Bio-Rad Laboratories, a specialist in life science research and clinical diagnostics products, is launching the QX700 System-compatible Vericheck ddPCR Kit portfolio for critical quality control (QC) workflows in advanced cell and gene therapy development and other biopharma applications
The portfolio includes Vericheck ddPCR Mycoplasma Detection, Empty-Full Capsid, Replication Competent Lentivirus, CHO Residual DNA Quantification, and E. coli Residual DNA Quantification kits.
The kits extend Bio-Rad’s existing ddPCR platform portfolio with ready-to-use, application-focused validation kits for critical QC workflows in biopharma, including cell and gene therapy applications.
Bio-Rad’s QX700 platform enables seven-colour multiplexing and processes up to 384 reactions in two and a half hours, with minimal input volume, continuous loading capability, and easy-to-use software for streamlined data interpretation. Combining the performance of the QX700 Systems with the Vericheck Kits allows researchers to generate precise, reproducible, and faster results for product development, product safety and quality.
In advanced therapeutic development and manufacturing, QC testing is critical to ensure the safety and effectiveness of the product. Providing developers with a solution for high-priority QC testing needs, the new Vericheck Kits deliver validated workflows to improve confidence in vector characterisation and contamination detection, including replication-competent virus testing and residual host cell DNA quantification.
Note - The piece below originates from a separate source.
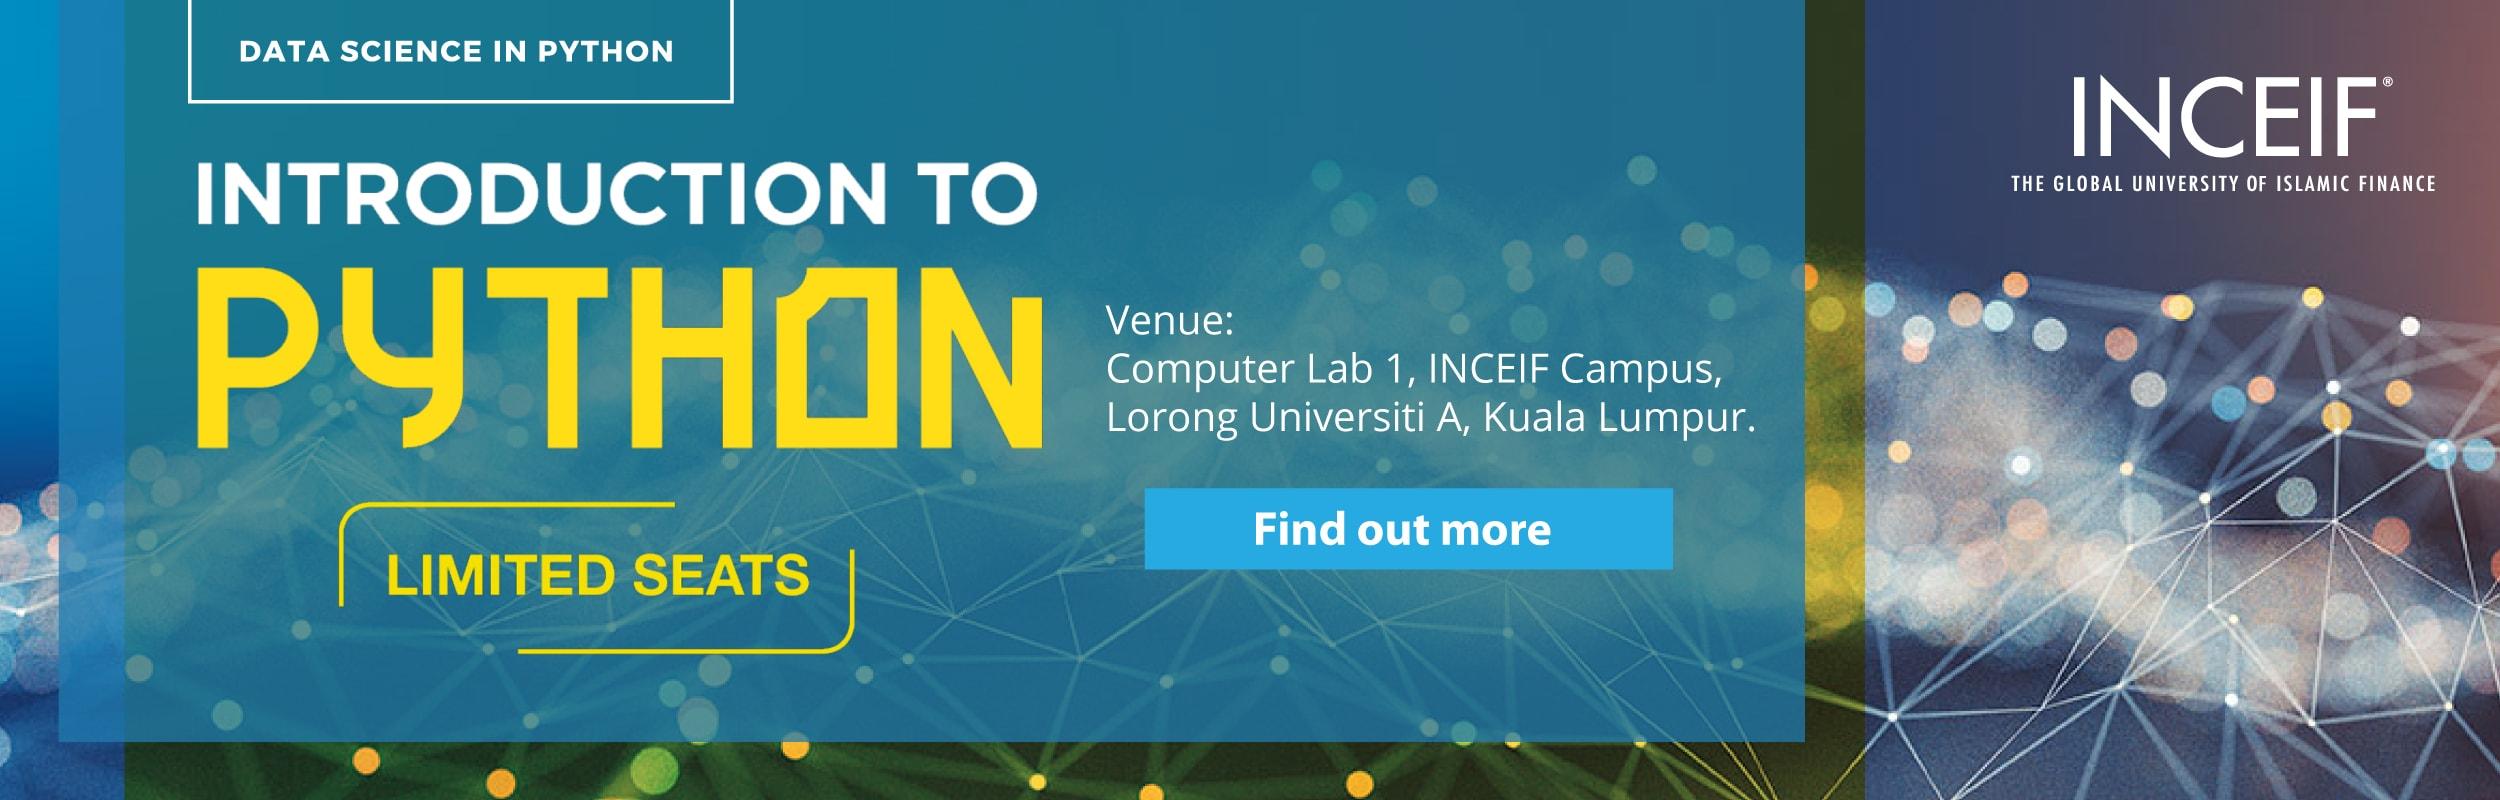 INCEIF | The Global University of Islamic Finance

Stephen Kulisch, vice president of Marketing, Digital Biology Group, Bio-Rad, said, “The expansion of our range of Vericheck ddPCR Kits offers validated workflows with unmatched precision and sensitivity, combined with the power of the QX700 platform, enabling scalable, streamlined workflows and faster time to actionable results. By expanding the power of our QX700 platform through the development of this new portfolio of Vericheck Kits, Bio-Rad is continuing its commitment to support development of safer and more efficient advanced therapeutic development and manufacturing.”